● GOAL OF THE EXERCISE: For this listing, the lines between the one holding "Ván ép LVL, Gỗ" and the one holding "美國百分百【全新真品 】Adidas 旅行袋", inclusive, must be set down exactly.

DATA FOR REVIEW below:

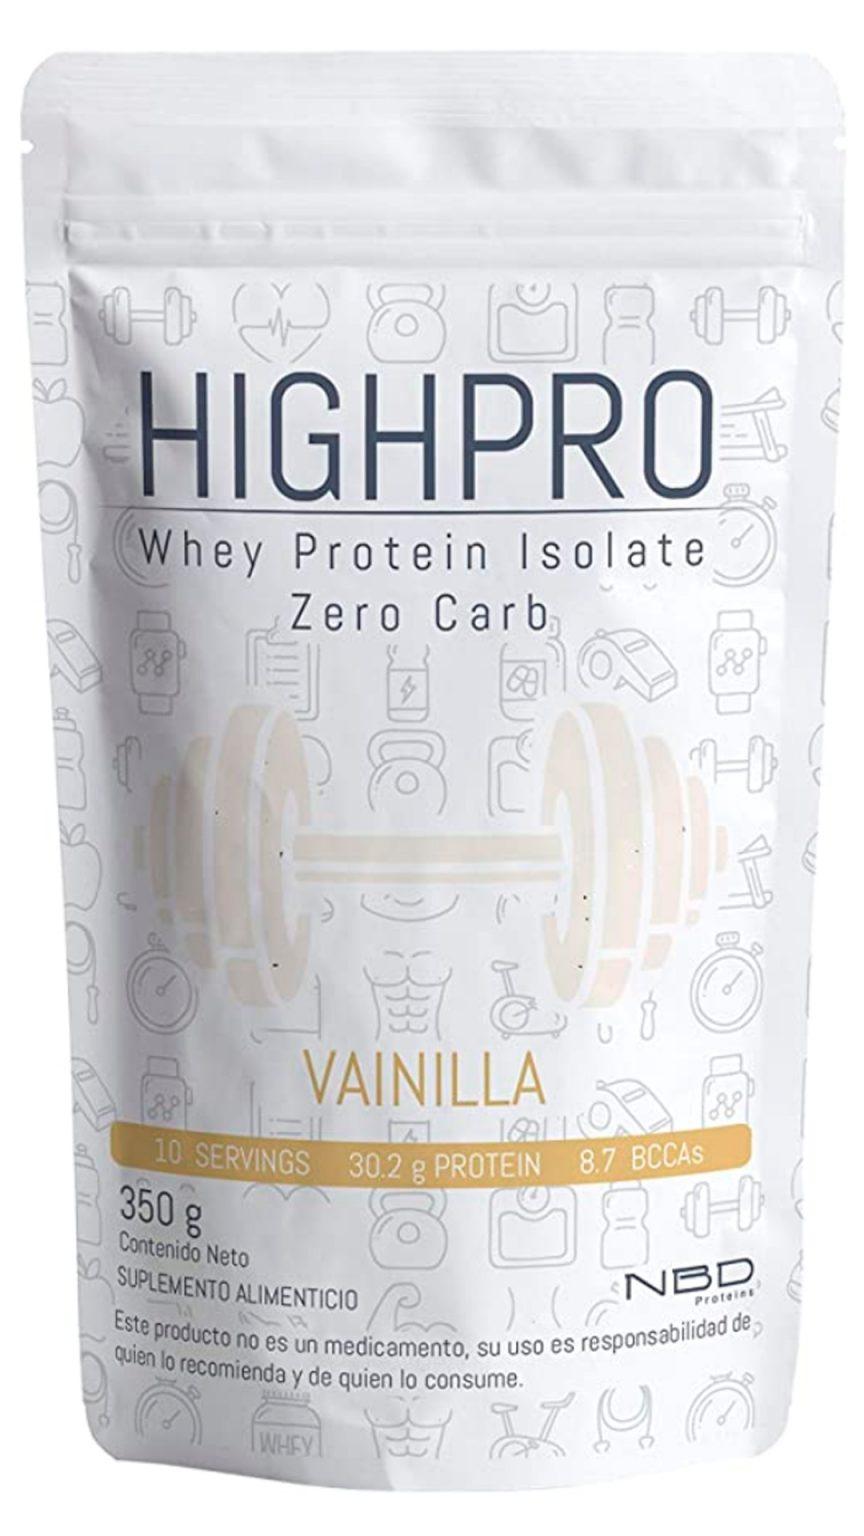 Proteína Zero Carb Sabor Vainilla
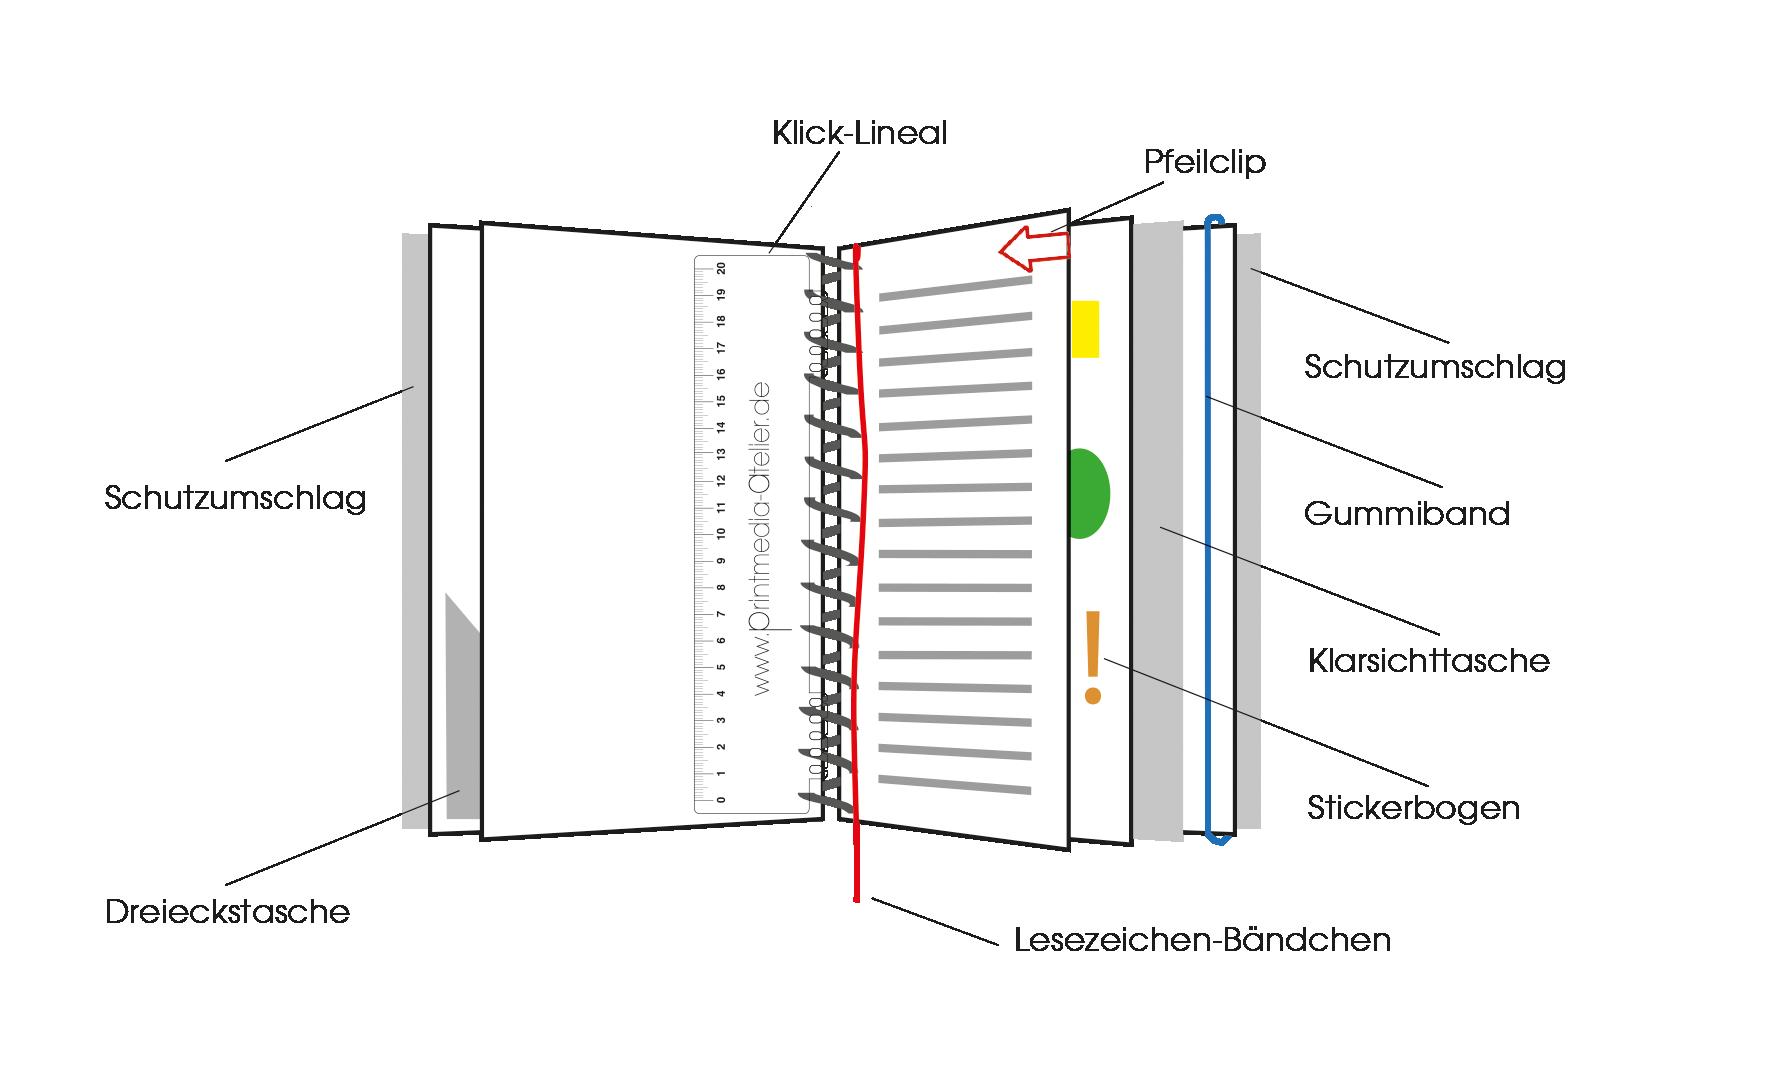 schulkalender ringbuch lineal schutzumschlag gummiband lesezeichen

End of DATA FOR REVIEW.
DATA FOR REVIEW below:

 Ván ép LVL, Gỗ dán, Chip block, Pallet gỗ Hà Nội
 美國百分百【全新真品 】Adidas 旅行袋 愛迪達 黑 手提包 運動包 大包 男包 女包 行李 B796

End of DATA FOR REVIEW.
DATA FOR REVIEW below:

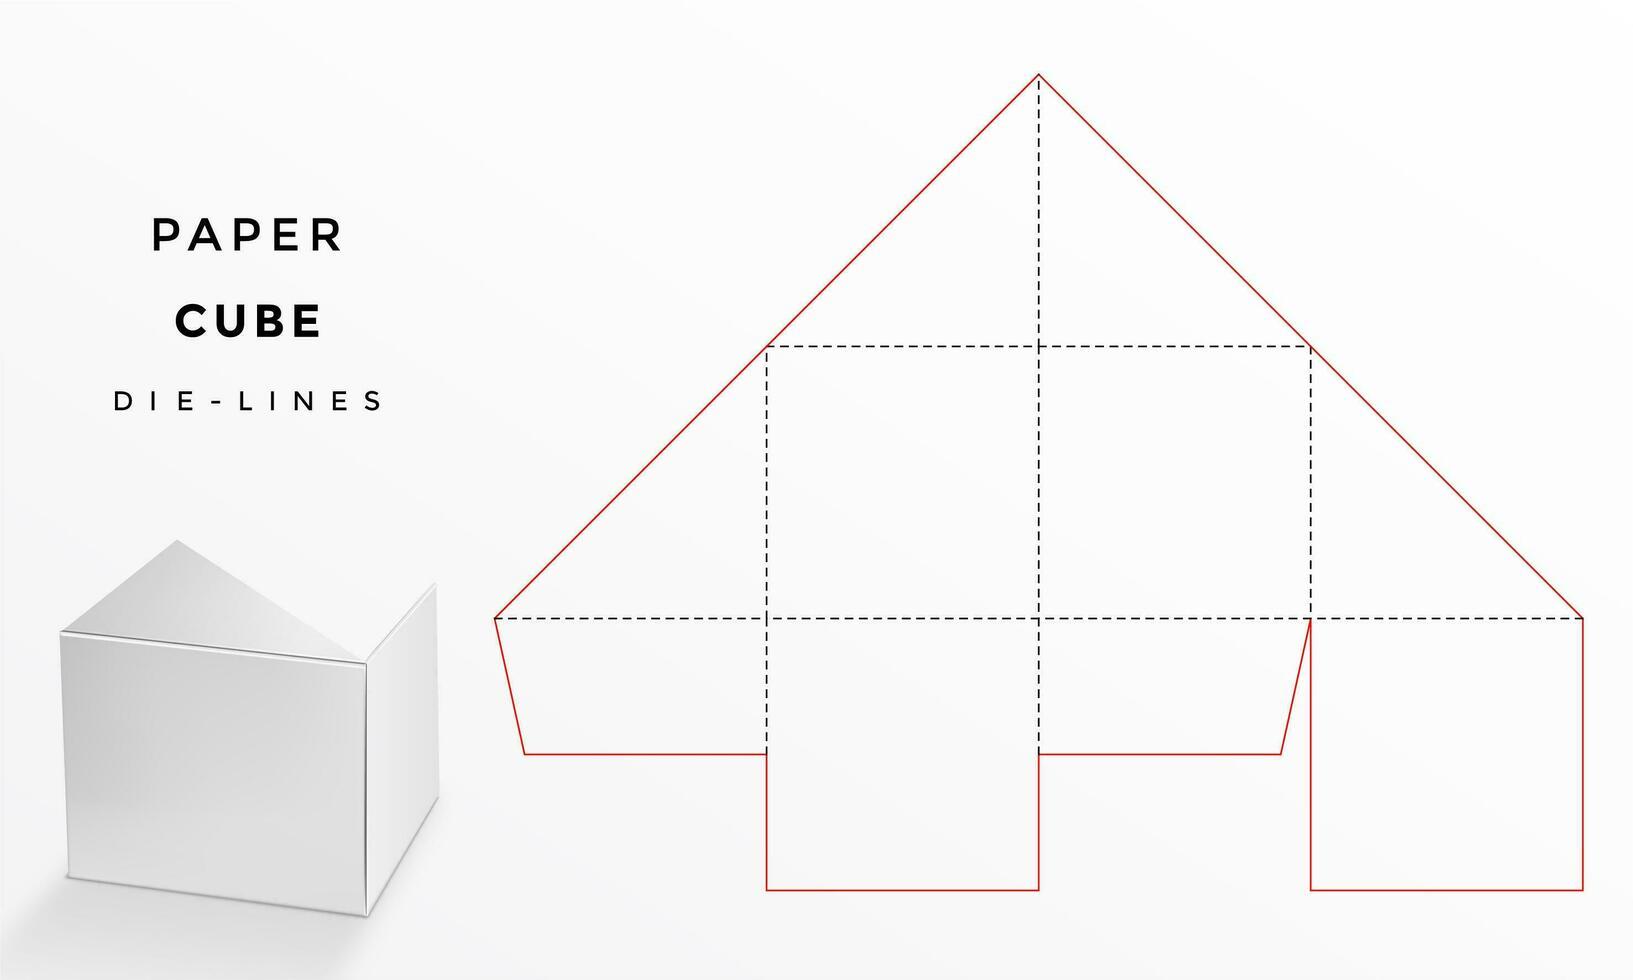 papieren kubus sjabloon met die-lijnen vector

End of DATA FOR REVIEW.

● TASK ANSWER:
 Ván ép LVL, Gỗ dán, Chip block, Pallet gỗ Hà Nội
 美國百分百【全新真品 】Adidas 旅行袋 愛迪達 黑 手提包 運動包 大包 男包 女包 行李 B796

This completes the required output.